Kepala Kantor Pencarian dan Pertolongan Tarakan Syahril mengatakan, korban sudah tak terlihat lagi sejak pamit memancing ikan sekitar pukul 17.00 Wita. Namun, rekan dan keluarga korban mulai menyadari hilangnya korban sekitar pukul 01.00 Wita, Minggu (15/10).

“Sampai sore hari ini (kemarin, Red) kami masih pencarian tapi nihil. Belum ada tanda-tanda,” ujarnya. Ia mengungkapkan, pelaporan yang diberikan kepada Tim SAR juga terkesan terlambat. Sebab pihaknya baru nenerima laporan, Sabtu (14/10) lalu. Seharusnya pihak keluarga maupun rekan korban dapat melapor lebih cepat untuk mendapatkan pertolongan yang lebih awal.

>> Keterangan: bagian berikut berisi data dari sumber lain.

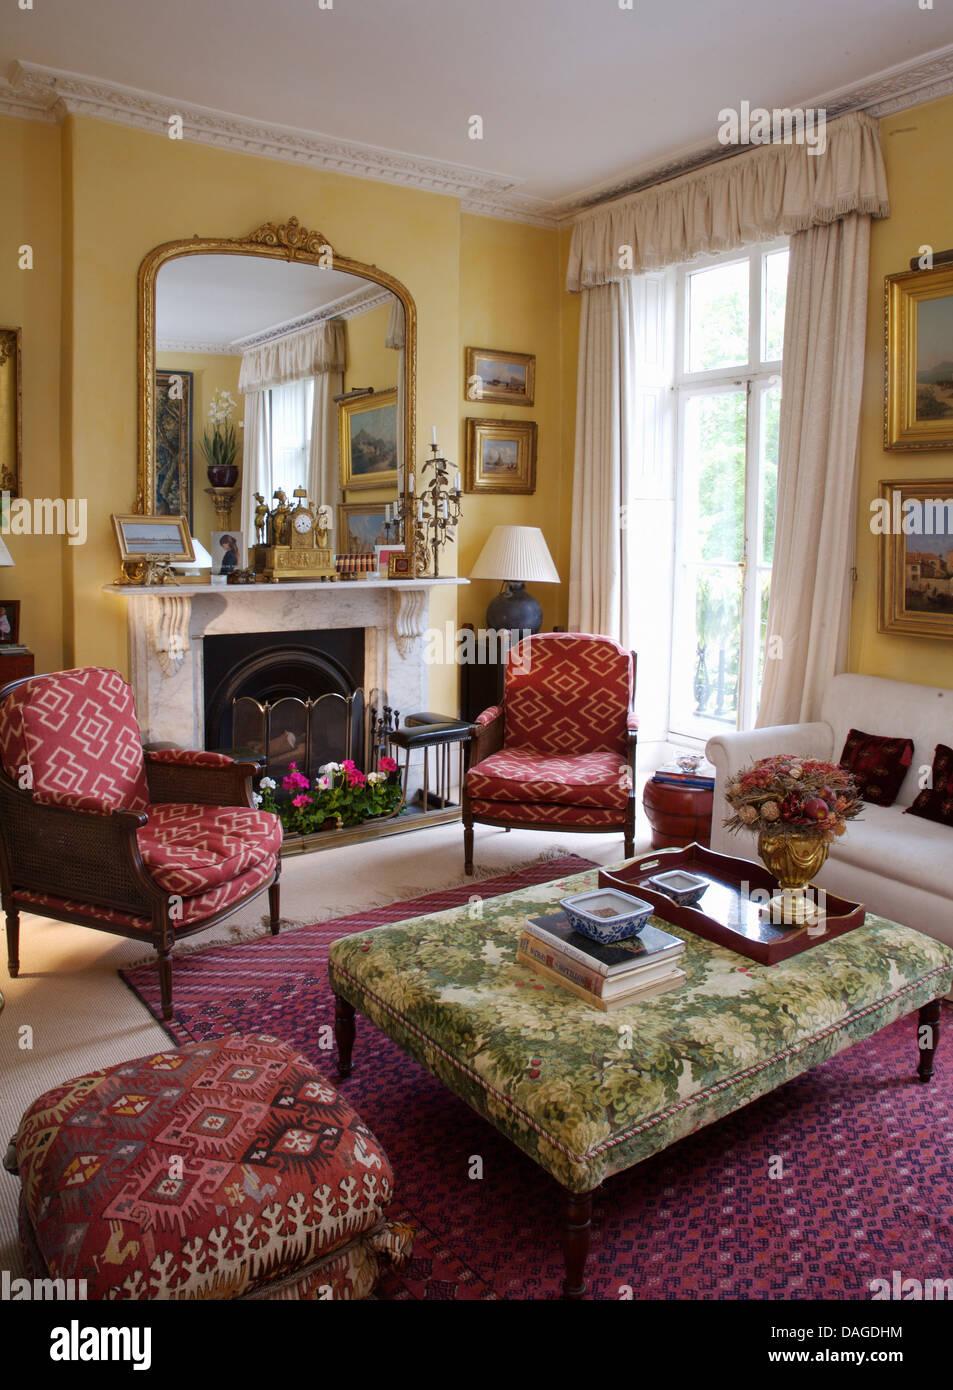 Gepolsterte Stühle mit Grün gepolsterten osmanischen und roten ...

“Biasanya ada situasi tahap menyadari bahwa salah seorang anggota keluarganya belum pulang. Tapi baru dilaporkan sehari atau bahkan ada yang empat hari baru melapor. Ya menurut kami masih lumayanlah kalau sehari ini,” tuturnya.

Perahu milik pria berusia 60 tahun itu sudah ditemukan di sekitar TKP oleh warga Pulau Bunyu. Namun saat ini, pihaknya mengalami kendala terkait banyaknya titik koordinat yang berbeda-beda dari keterangan warga.

“Laporan dari pihak keluarga memang pergi sendiri. Kami tidak tahu pasti, di mana titik korban saat hilang. Ya sesuai informasi, kami kembangkan saja lokasi pencariannya,” ungkapnya.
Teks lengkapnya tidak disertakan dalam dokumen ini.